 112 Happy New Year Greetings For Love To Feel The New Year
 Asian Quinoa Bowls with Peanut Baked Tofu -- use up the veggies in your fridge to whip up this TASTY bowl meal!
* * *
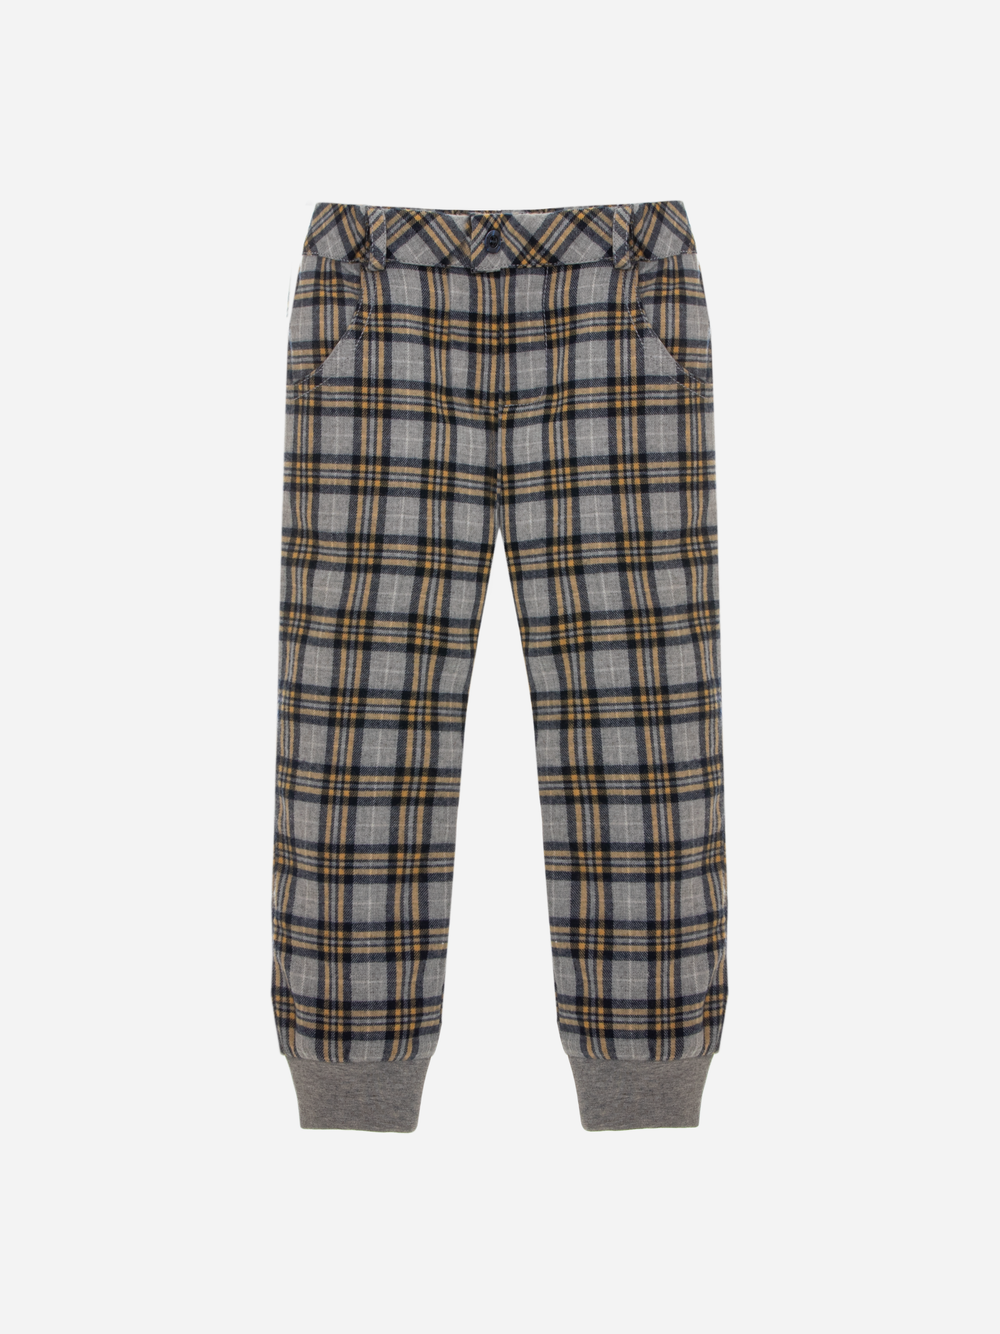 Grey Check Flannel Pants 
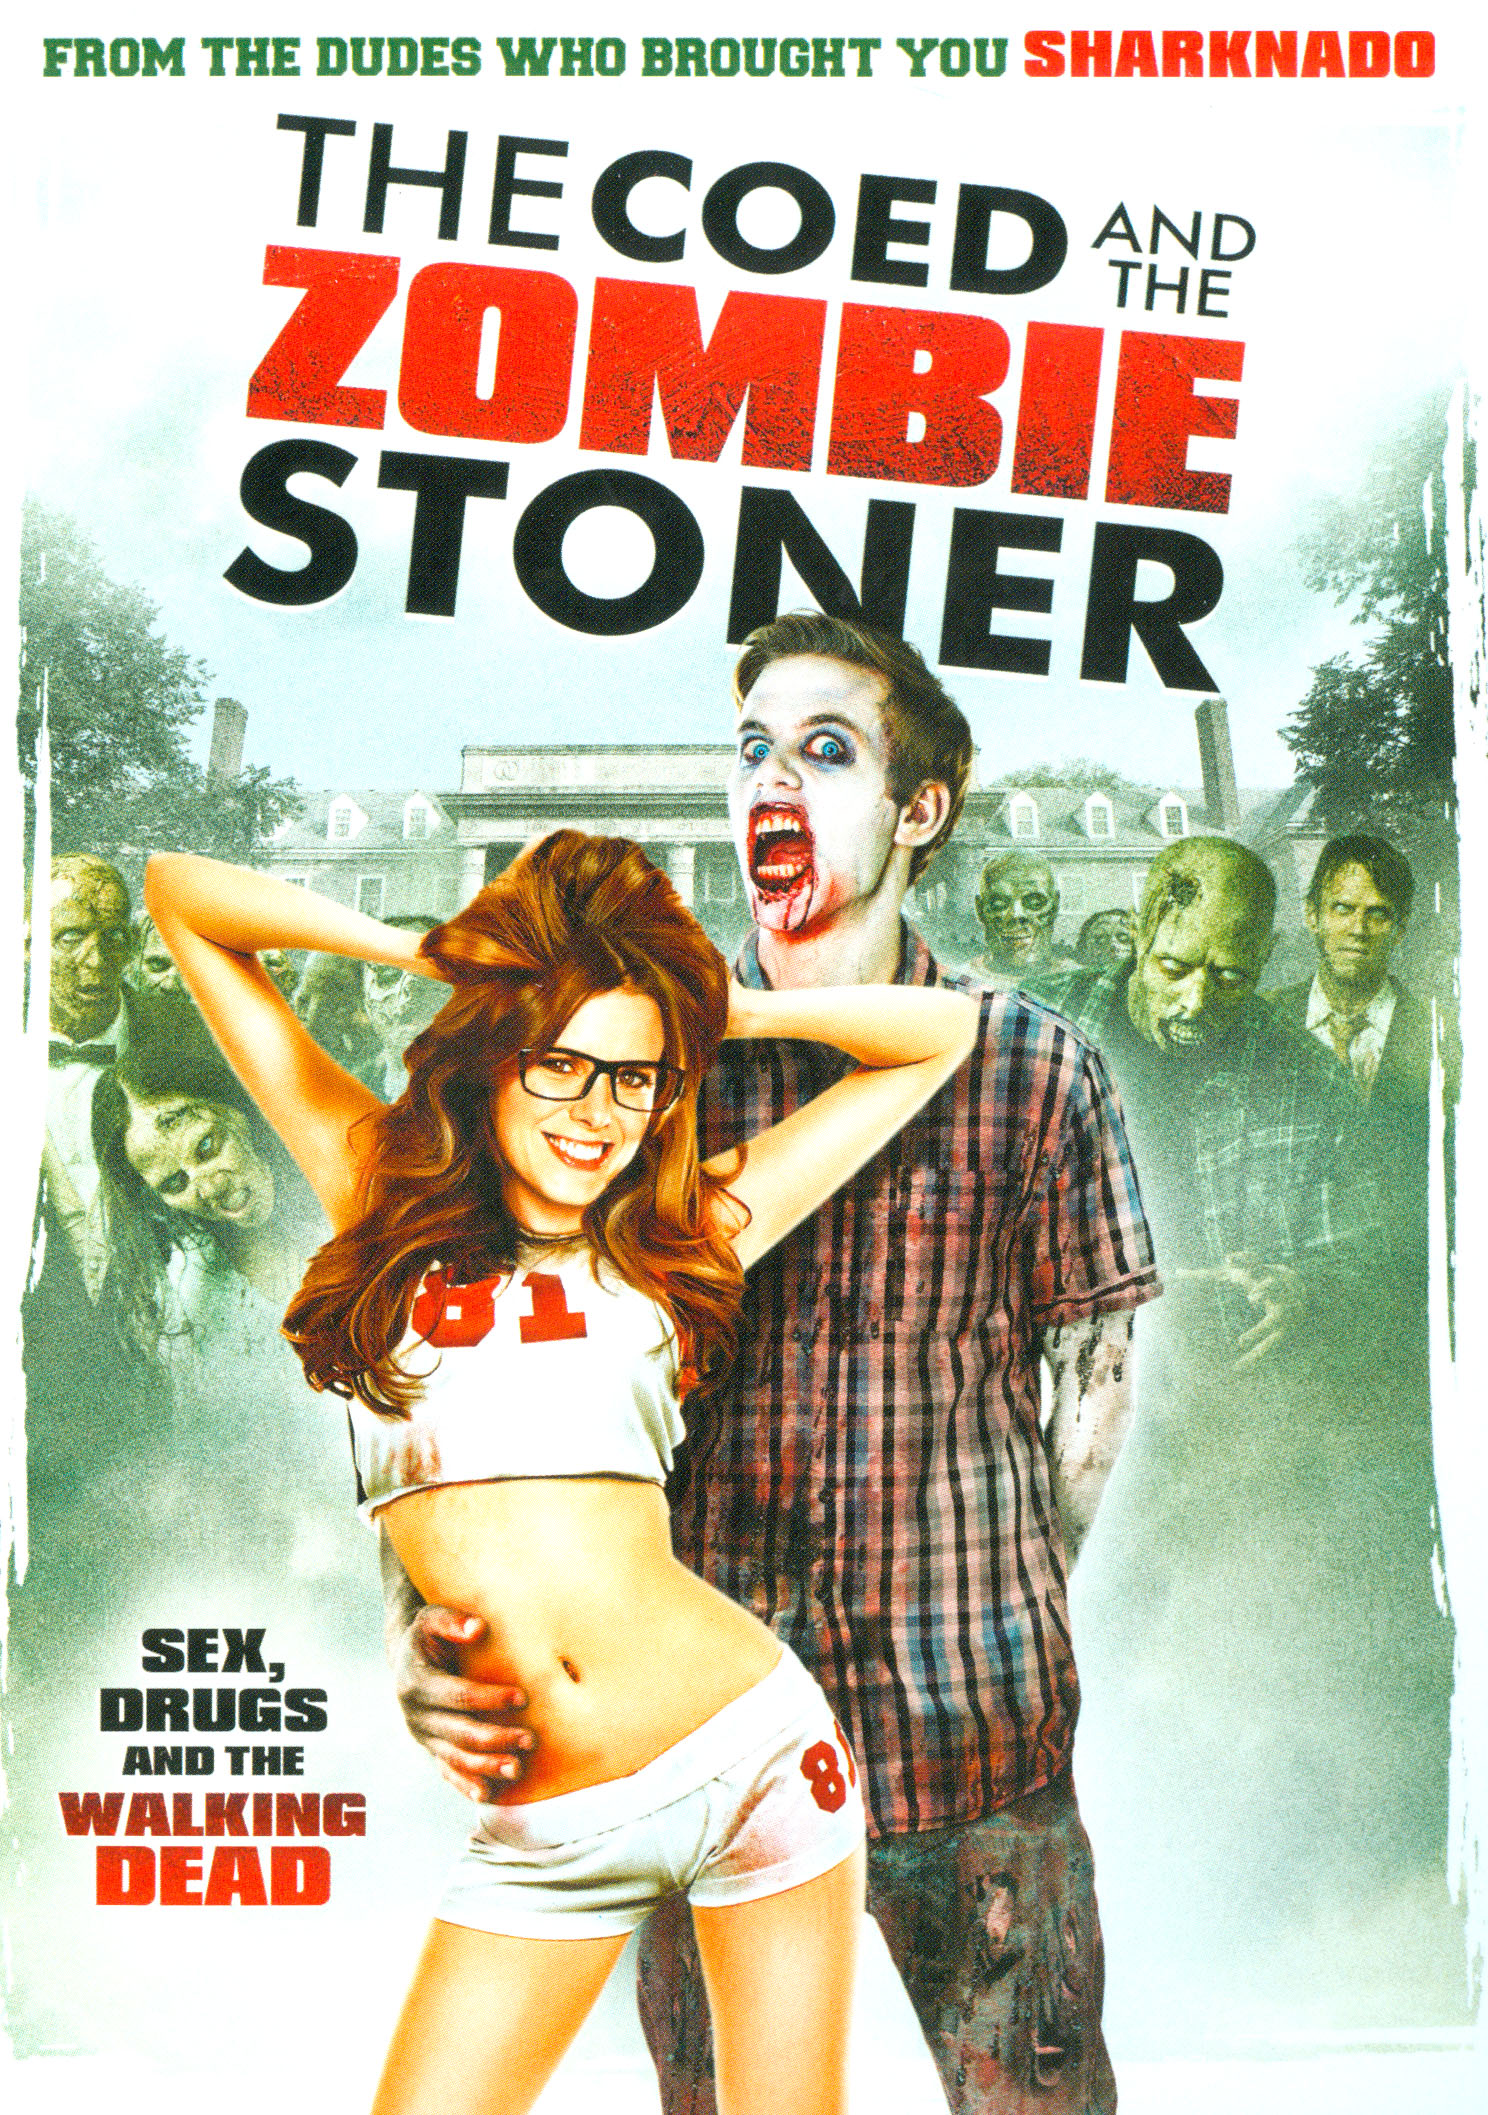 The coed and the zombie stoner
* * *
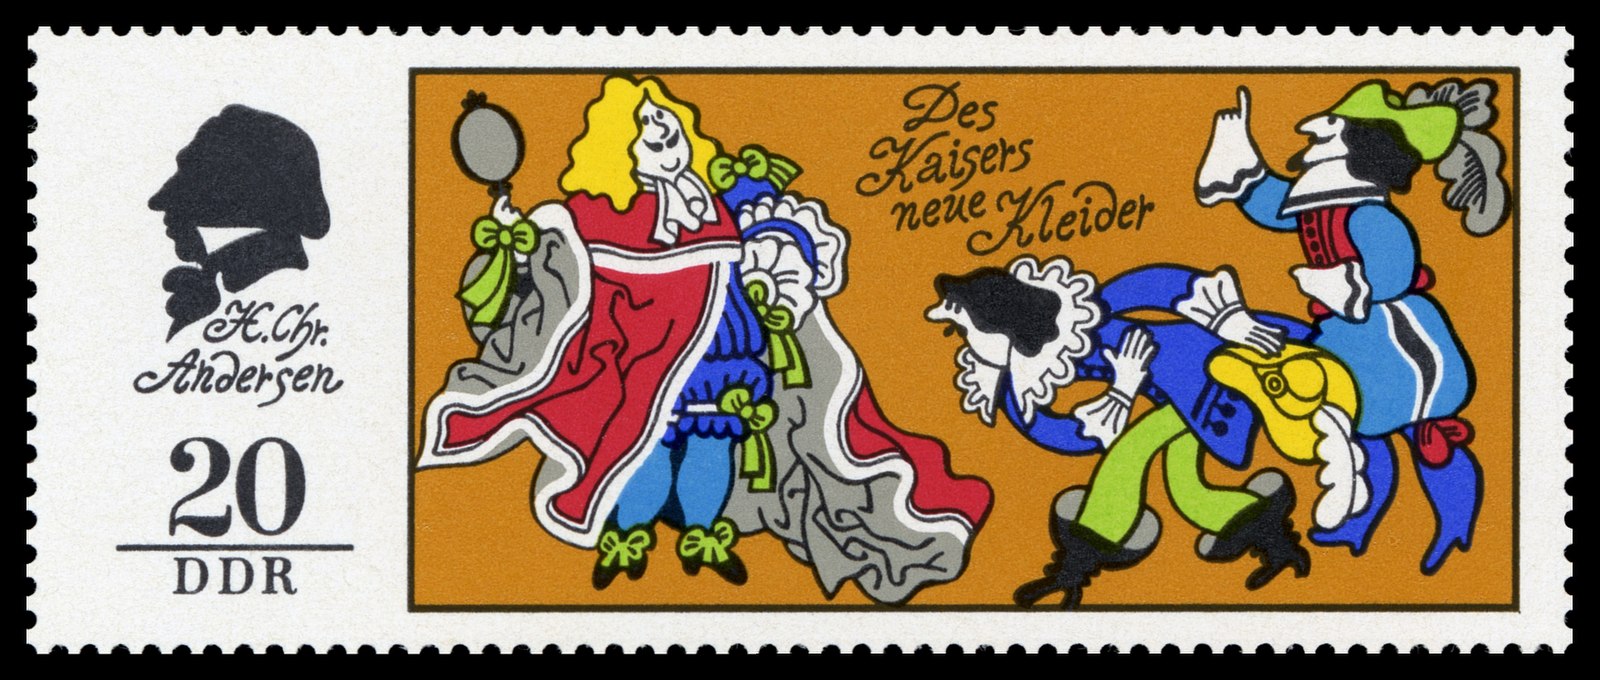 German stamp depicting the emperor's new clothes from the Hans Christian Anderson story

_WHAT THE EXERCISE ASKS_:
Would you copy, unchanged, the stretch of the records above that begins at the line containing "112 Happy New" and ends at the line containing "Asian Quinoa Bowls", and only that?

_THE ANSWER_:
 112 Happy New Year Greetings For Love To Feel The New Year
 Asian Quinoa Bowls with Peanut Baked Tofu -- use up the veggies in your fridge to whip up this TASTY bowl meal!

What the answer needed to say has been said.